▶ [Problem]: Set down exact lines only, from the line with "CHONGQING, CHINE - septembre" through the last line of the material below, with every picture left out.

▶ [Exercise data]:

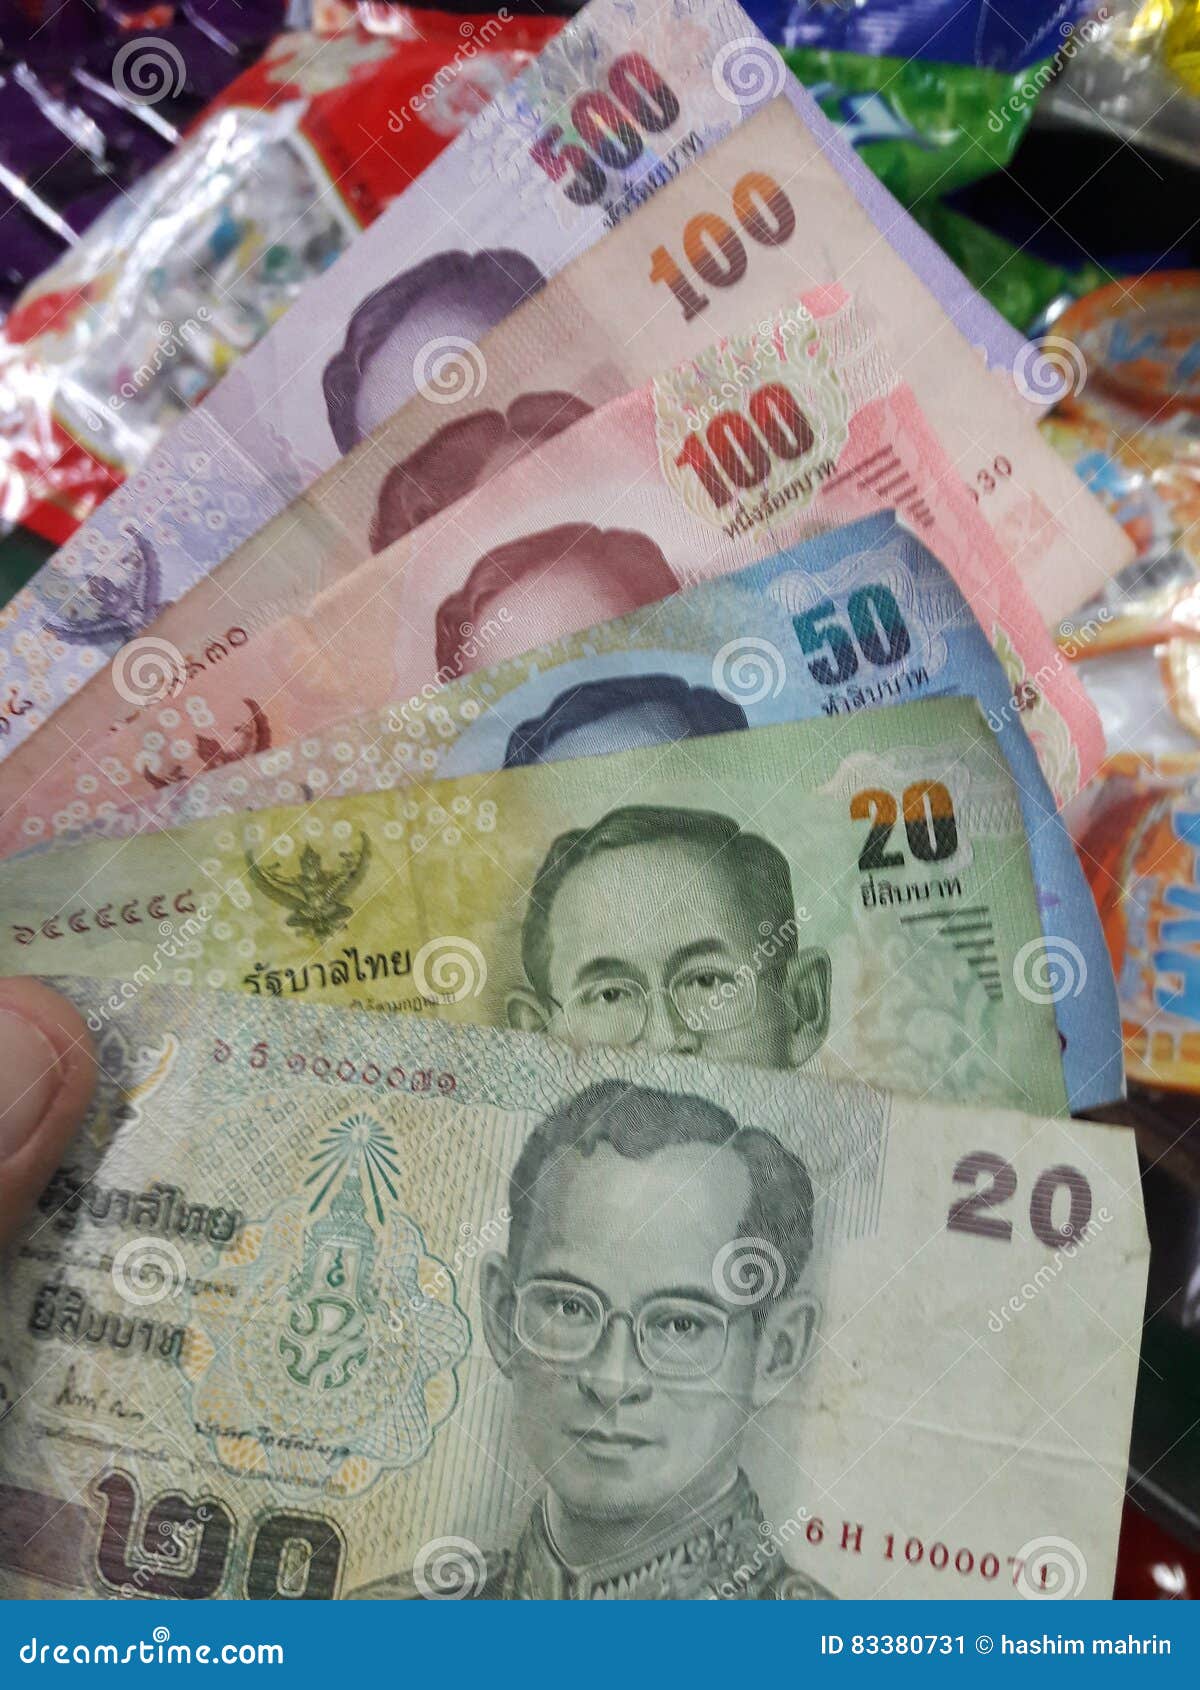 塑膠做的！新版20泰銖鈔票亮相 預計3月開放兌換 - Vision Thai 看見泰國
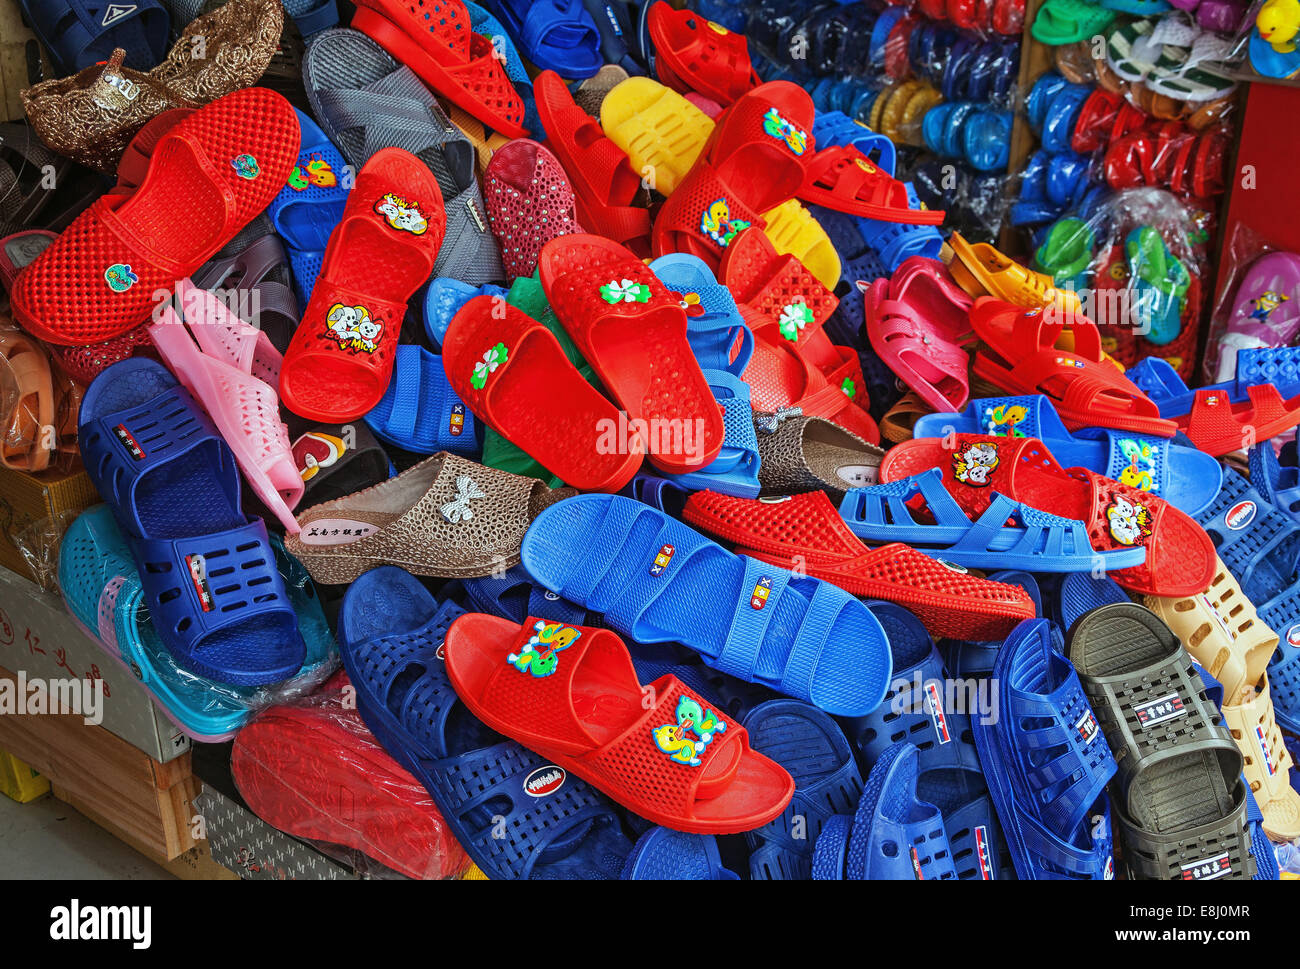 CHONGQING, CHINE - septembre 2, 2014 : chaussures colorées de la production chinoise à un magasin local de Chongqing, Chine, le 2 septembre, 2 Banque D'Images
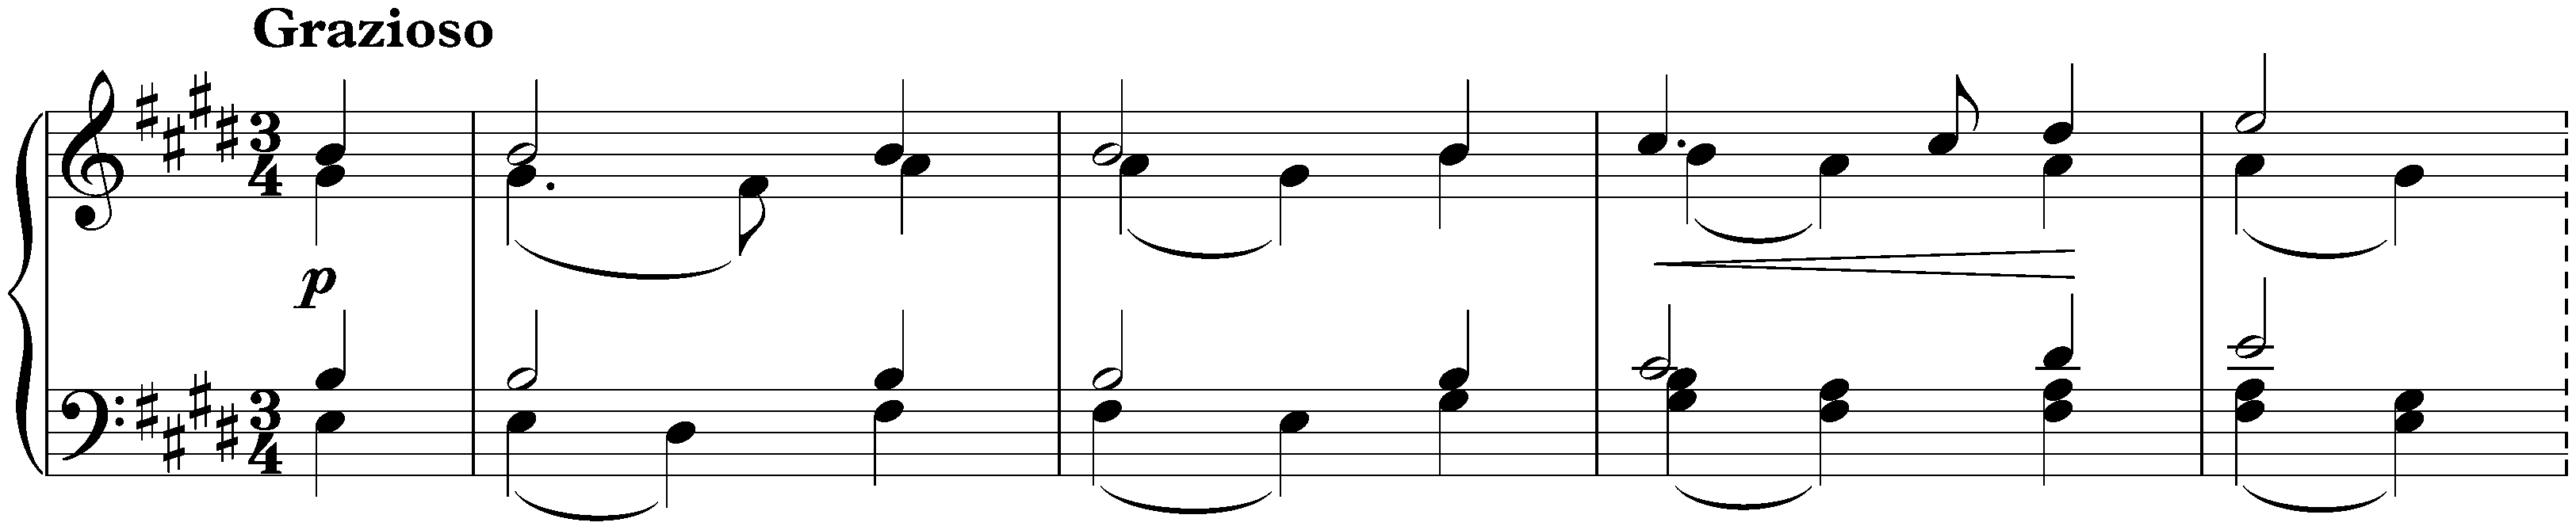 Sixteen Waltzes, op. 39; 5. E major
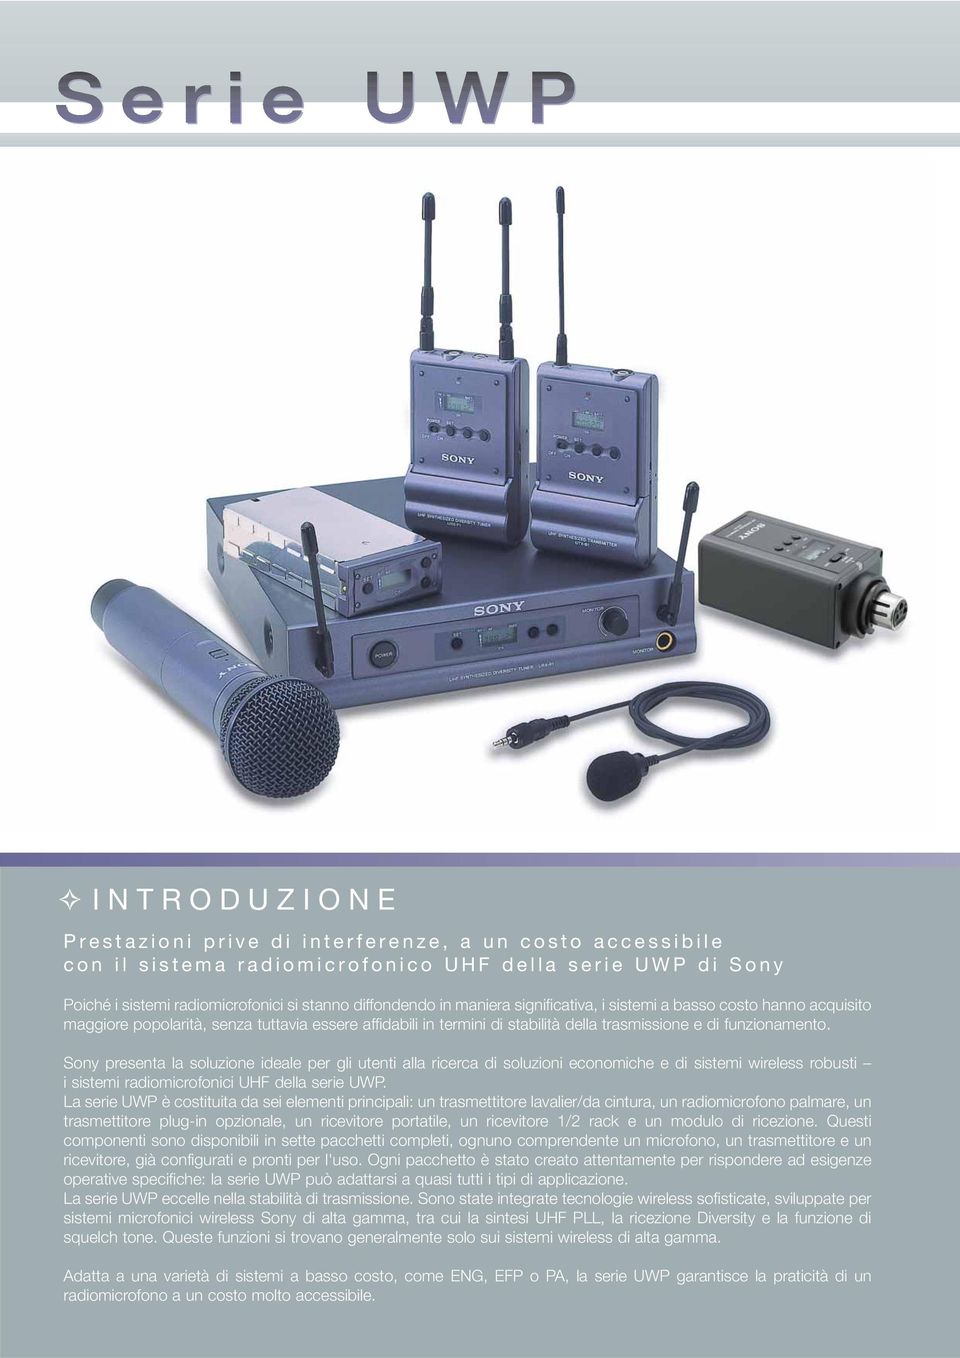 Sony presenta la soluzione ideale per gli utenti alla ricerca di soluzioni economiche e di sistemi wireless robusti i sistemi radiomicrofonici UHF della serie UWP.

▶ [Answer below]:
 CHONGQING, CHINE - septembre 2, 2014 : chaussures colorées de la production chinoise à un magasin local de Chongqing, Chine, le 2 septembre, 2 Banque D'Images
 Sixteen Waltzes, op. 39; 5. E major
 Sony presenta la soluzione ideale per gli utenti alla ricerca di soluzioni economiche e di sistemi wireless robusti i sistemi radiomicrofonici UHF della serie UWP.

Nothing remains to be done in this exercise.